Starting from individual patient biopsies, the OoC will replicate each patient’s joint, thus making it possible to test and allocate the best on-market drug for that patient, reducing unnecessary exposure to the risk of side effects, avoiding wastage of health care resources, and most importantly improving patients’ quality of life. Thanks to the development of personalized treatment in RA, it seems feasible to reduce both healthcare costs and socioeconomic impacts. In fact, allocating the right drug to the right patient and achieving early remission could avoid long-term treatment, disability, low quality-of-life, and as a consequence reduce the health-care burden. At the present, more than 2.9 million people are diagnosed with RA in Europe.
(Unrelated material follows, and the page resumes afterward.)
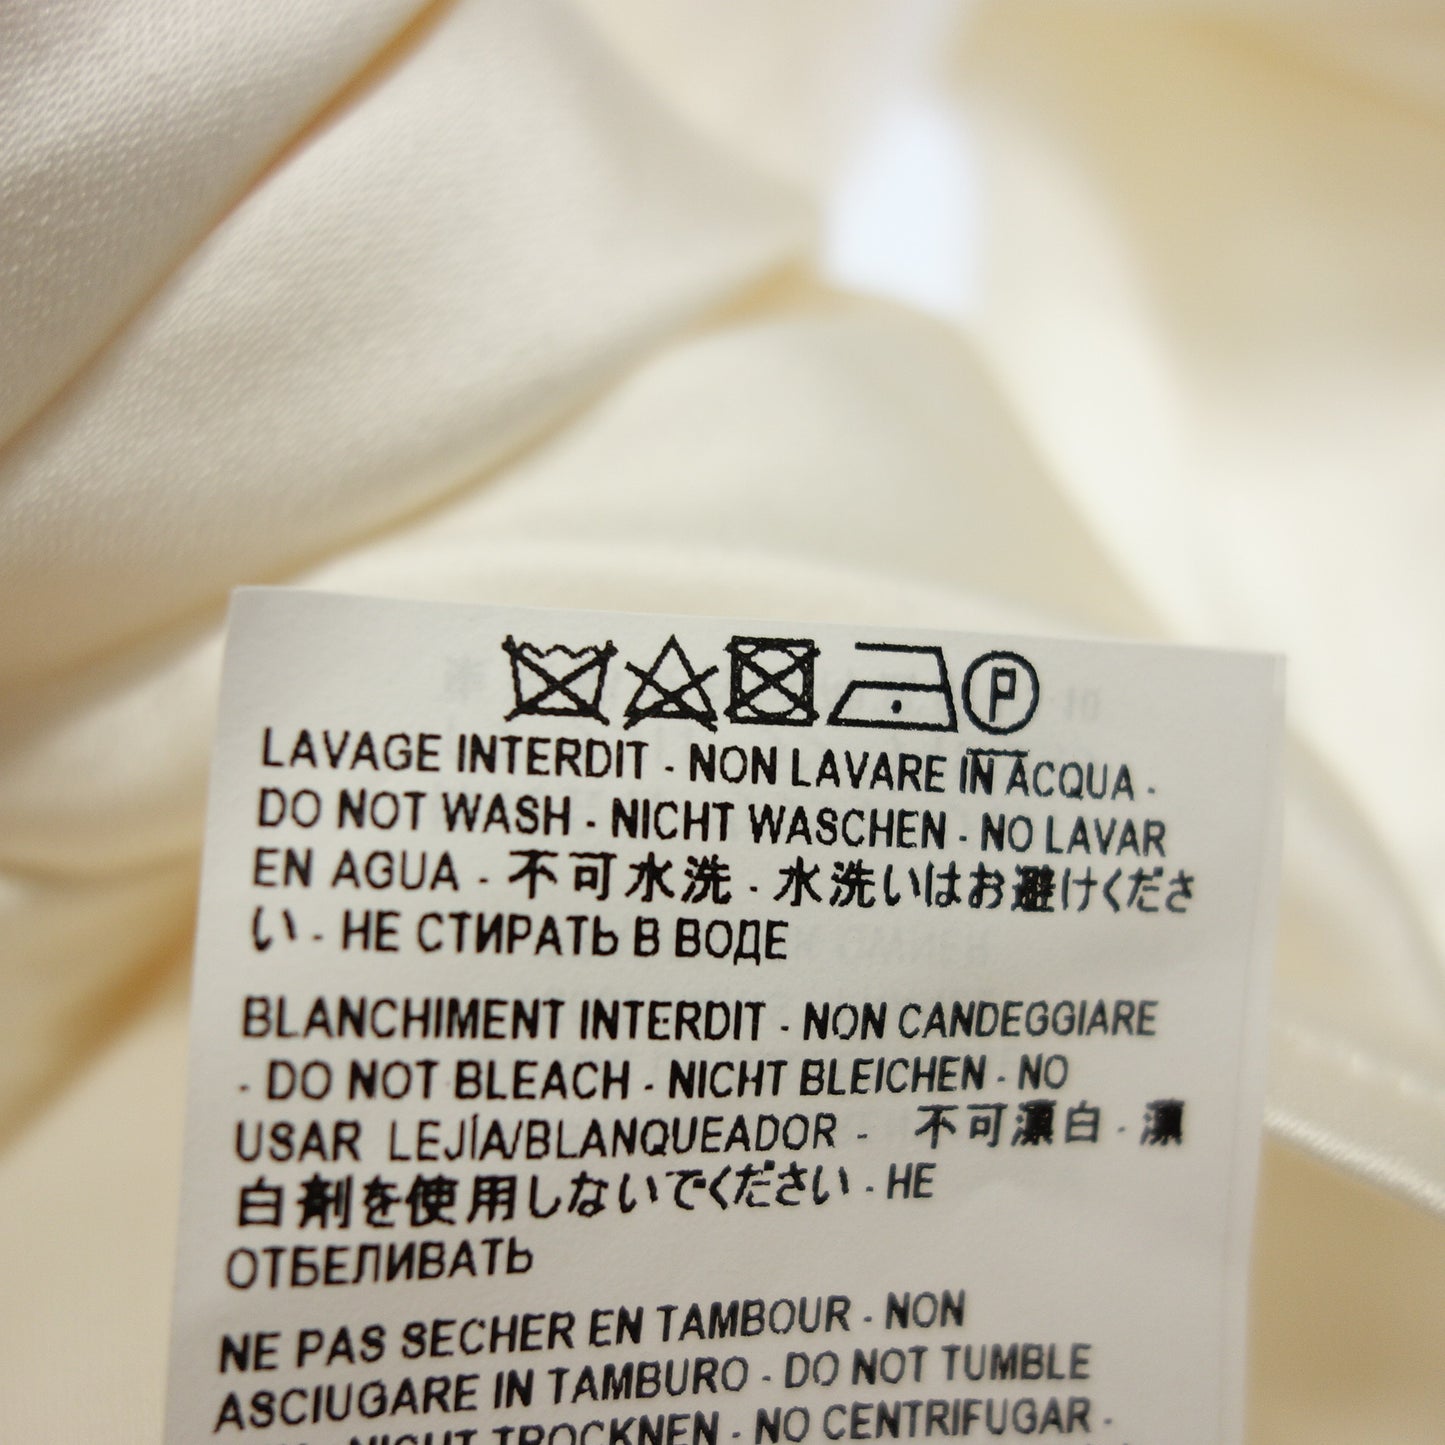 二手 ◆Saint Laurent 长袖衬衫丝绸 609404 女士米色尺寸 36 SAINT LAURENT [AFB17]

Total costs to society are estimated at € 45.3 billion in Europe and at € 41.6 billion in the United States. In EU, total costs increase from around € 5,000 for patients with minimal functional disability to € 20,000 for patients with severe disease. In the latter group, up to 40% of RA patients leave work completely, within 5 years of diagnosis. Finally, it is estimated the OoC will reduce the costs about of 10–26% per new drug reaching the market. The joint-on-chip developed by FLAMIN-GO will provide the solution regarding the drug allocation in RA.